→ Exercise aim
Would you retype the listing below word for word, without any of its pictures?

→ Data provided
====
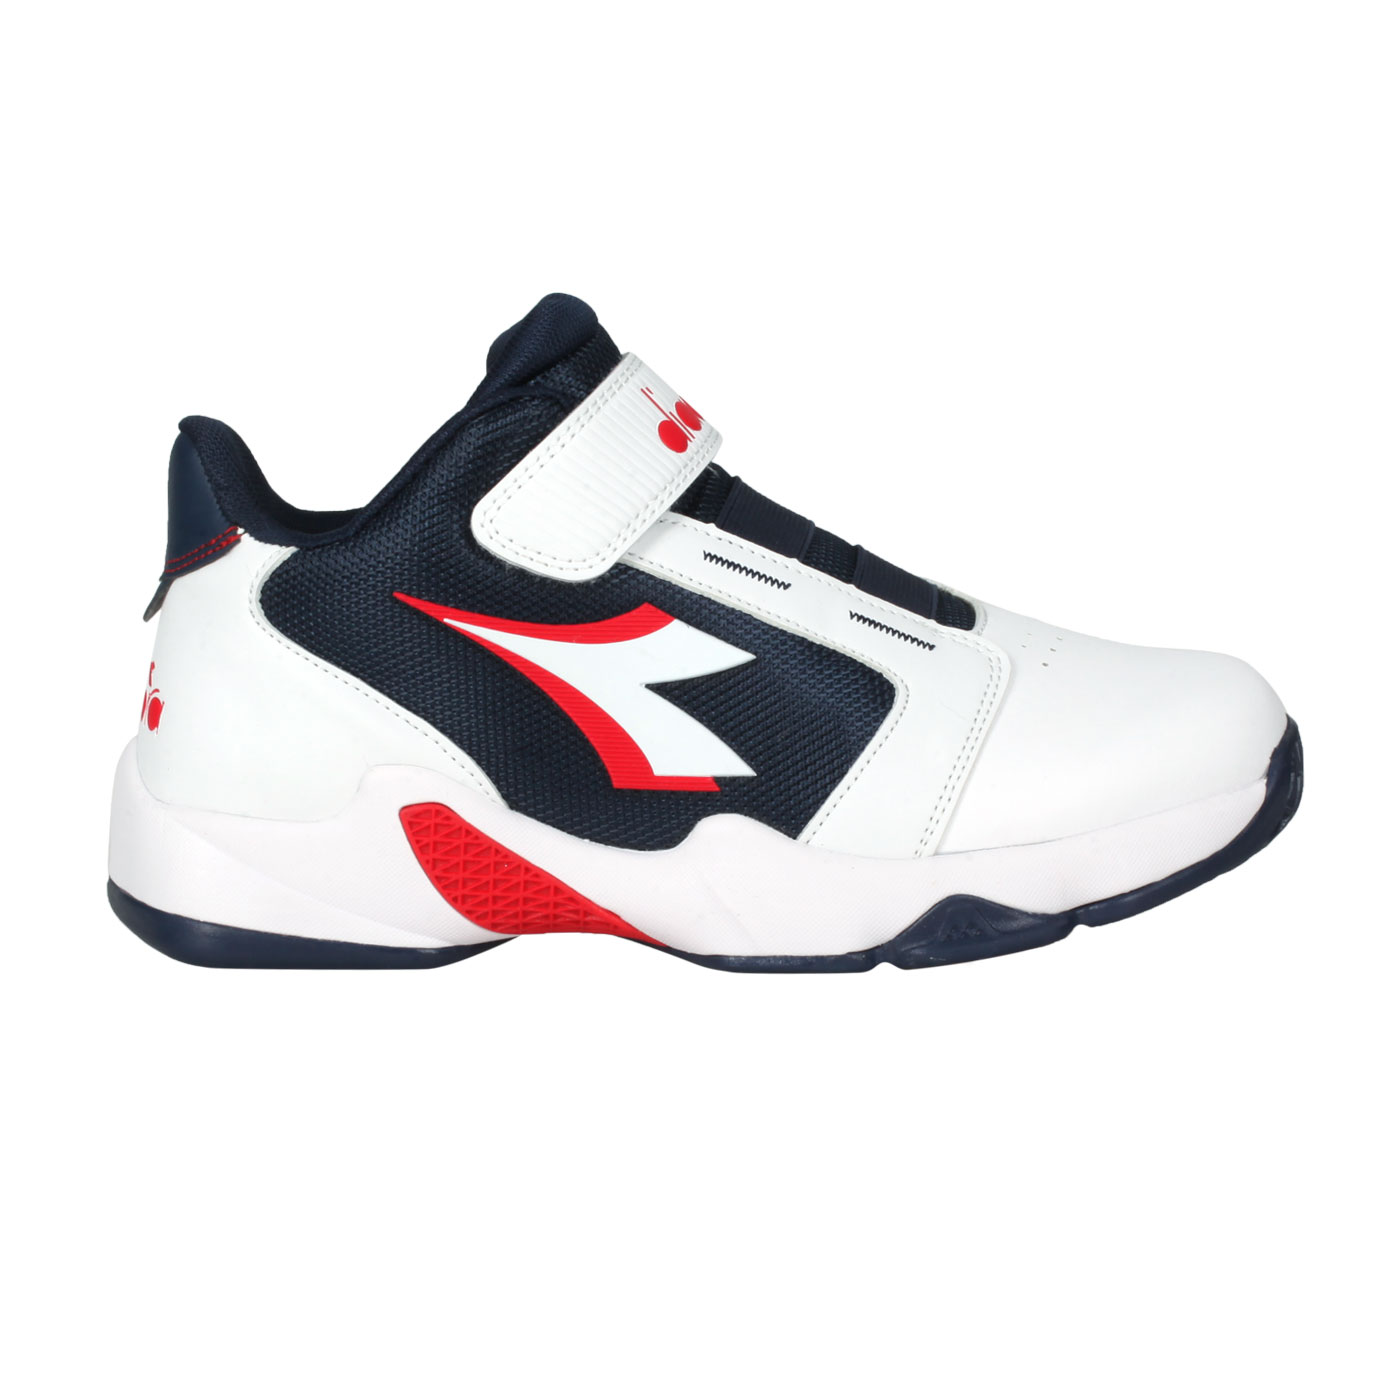 DIADORA 大童專業籃球鞋-超寬楦 DA11063 - 白丈青紅
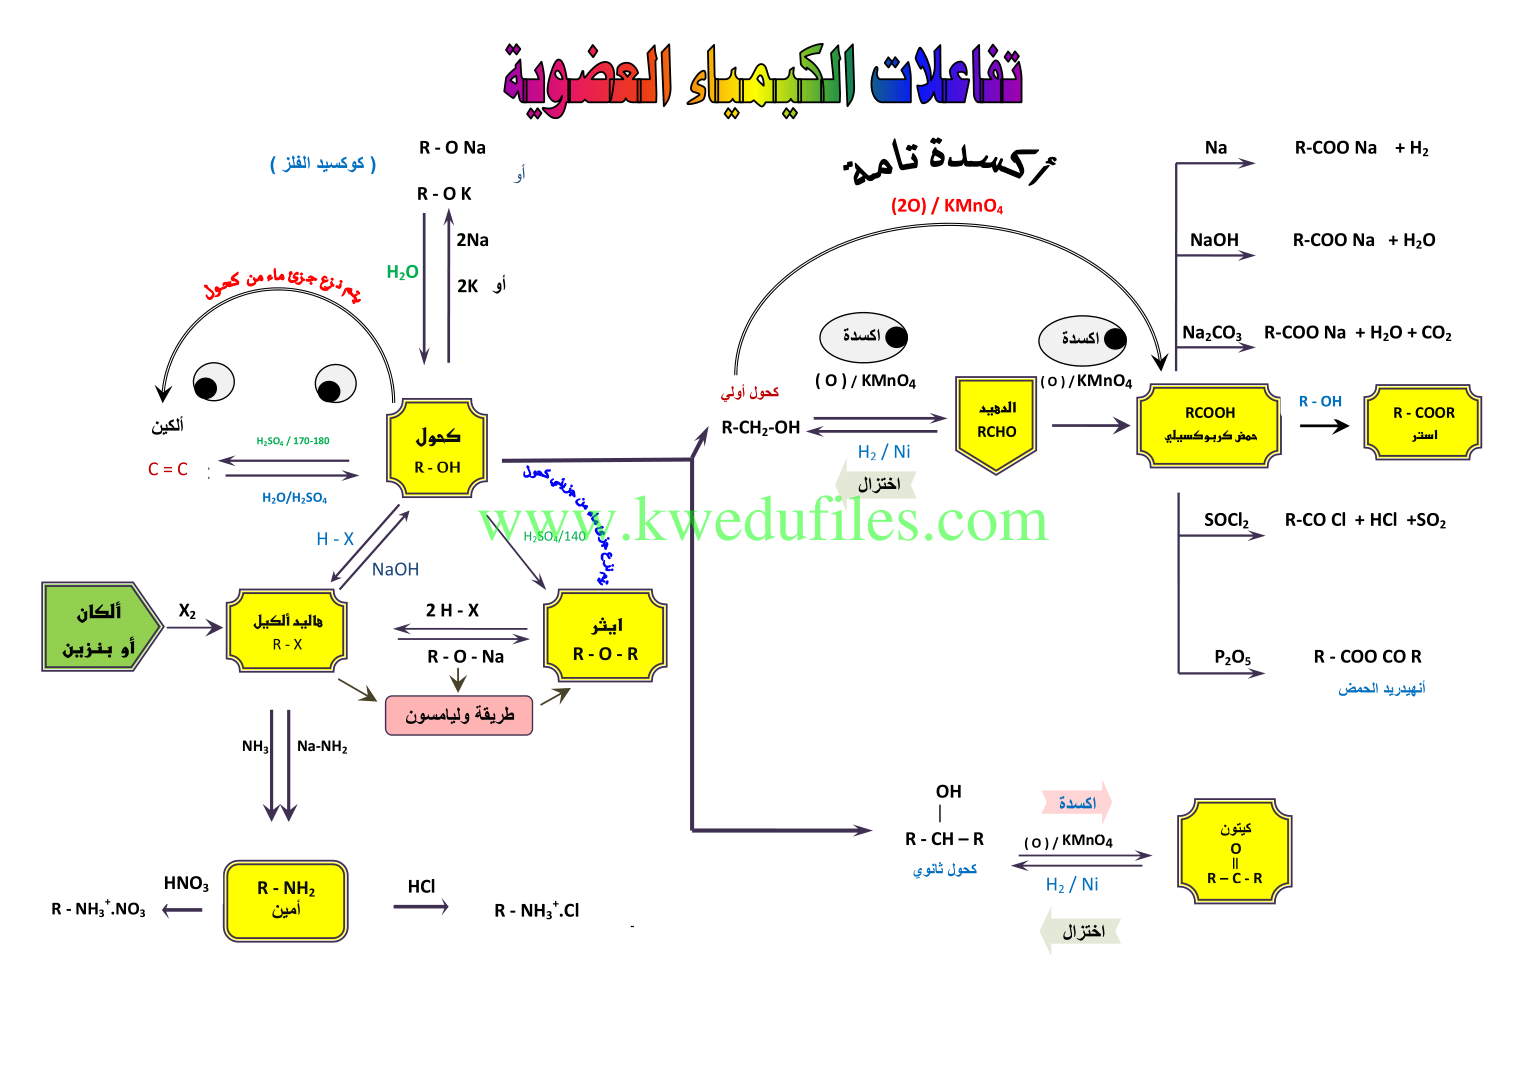 تفاعلات الكيمياء العضوية في مادة الكيمياء الصف الثاني عشر العلمي كيمياء الفصل الثاني ملفات الكويت التعليمية
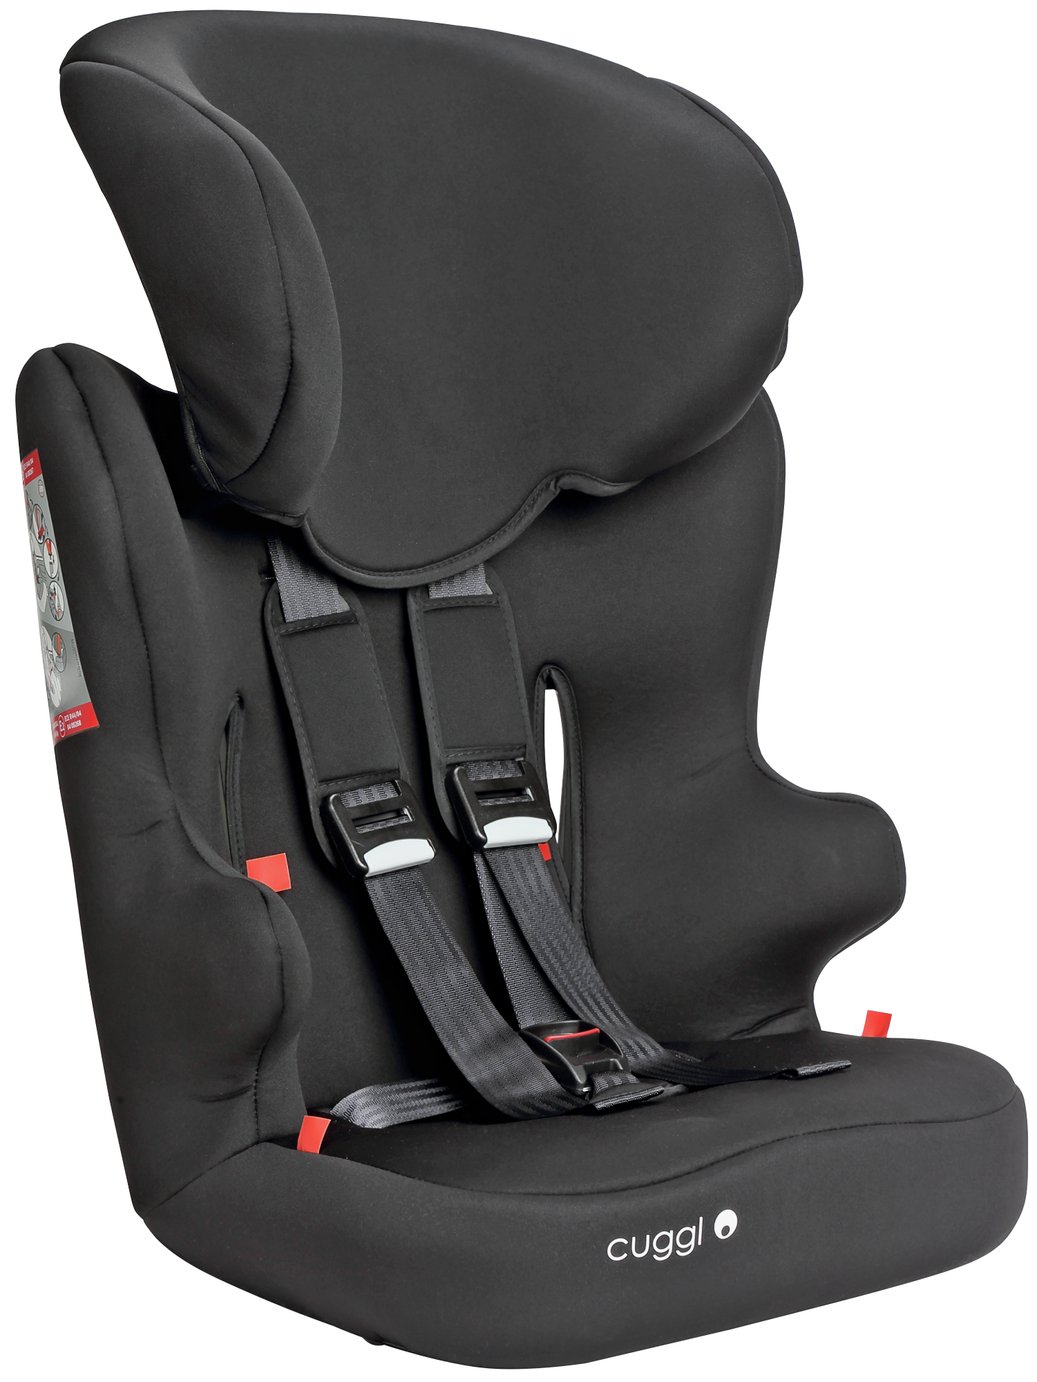 Car seats | Baby \u0026 toddler car seats 
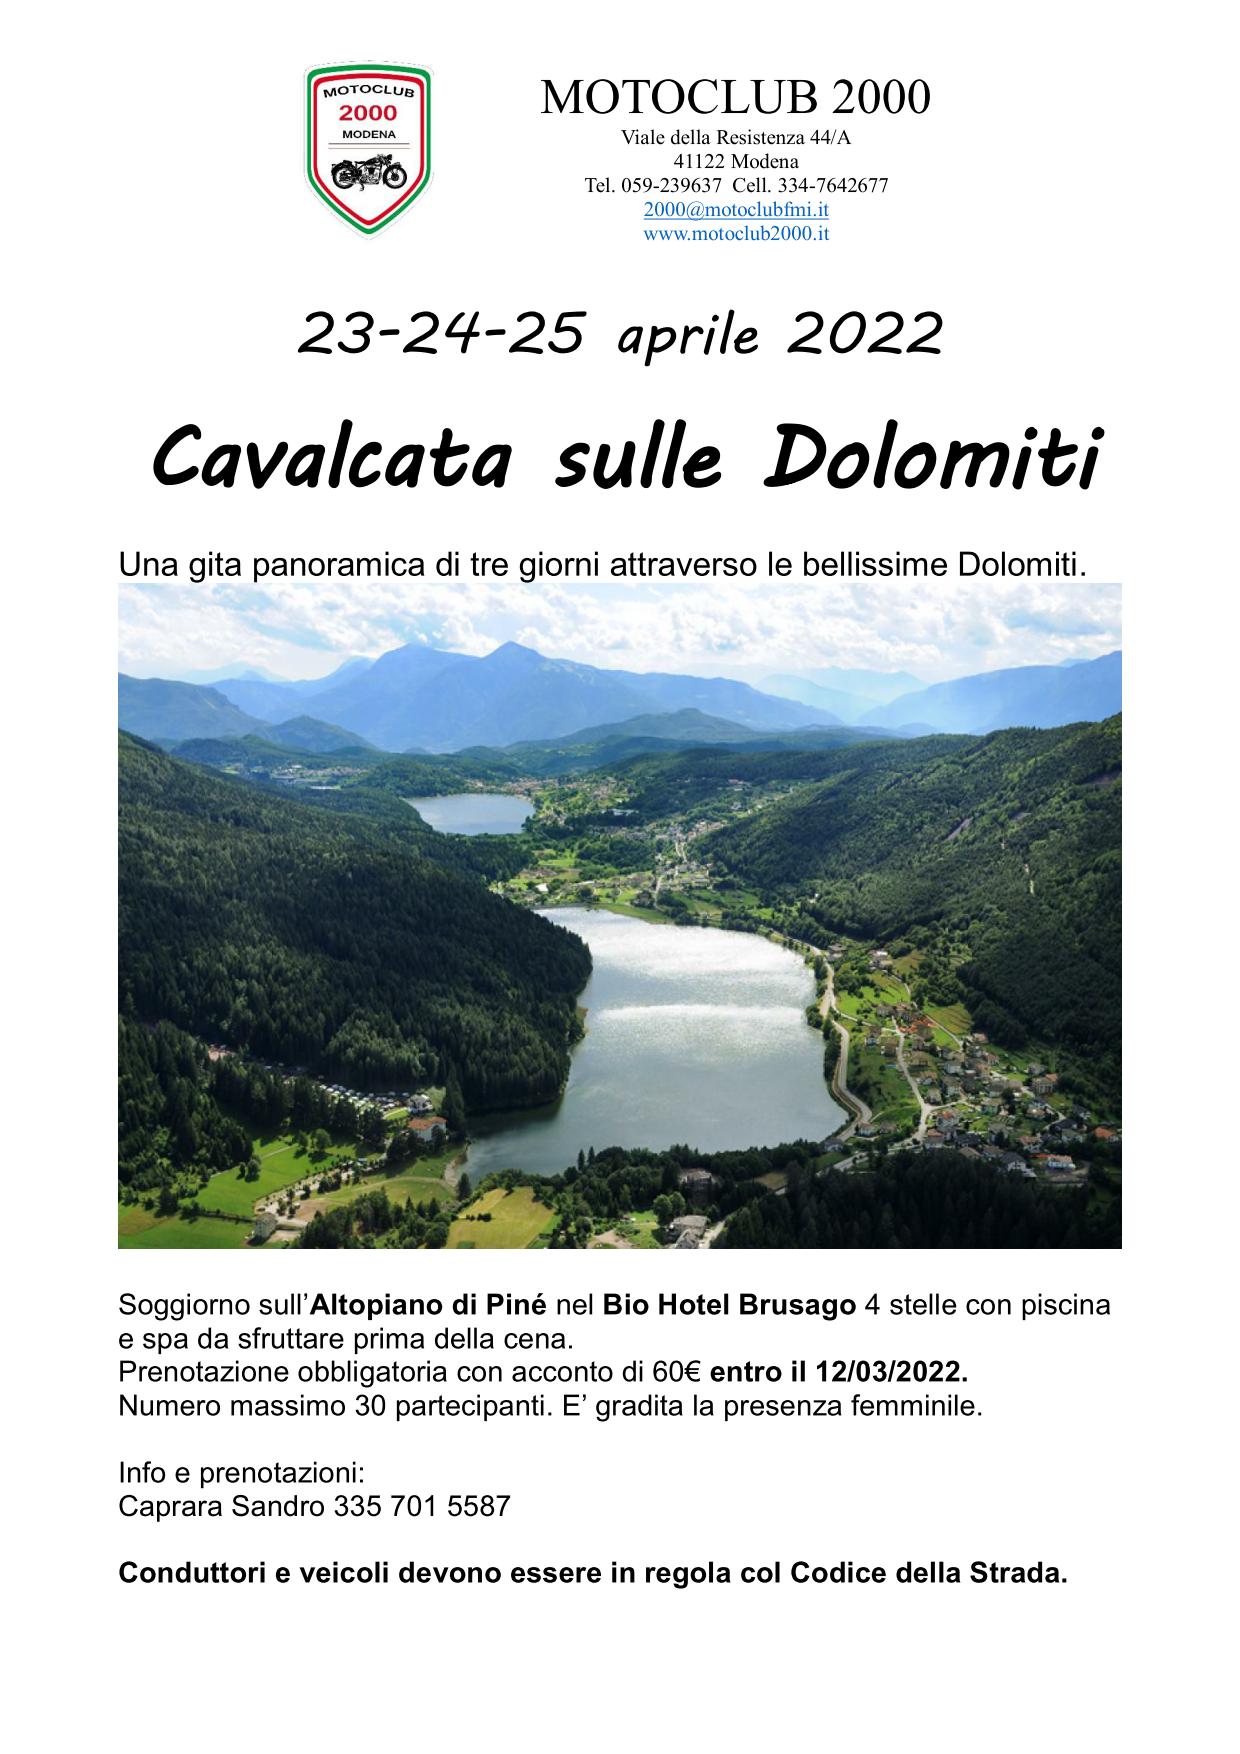 23-24-25 aprile 2022 Cavalcata sulle Dolomiti - Moto Club 2000 ASD - Modena
====
→ Answer to this exercise
 DIADORA 大童專業籃球鞋-超寬楦 DA11063 - 白丈青紅
 تفاعلات الكيمياء العضوية في مادة الكيمياء الصف الثاني عشر العلمي كيمياء الفصل الثاني ملفات الكويت التعليمية
 Car seats | Baby \u0026 toddler car seats 
 23-24-25 aprile 2022 Cavalcata sulle Dolomiti - Moto Club 2000 ASD - Modena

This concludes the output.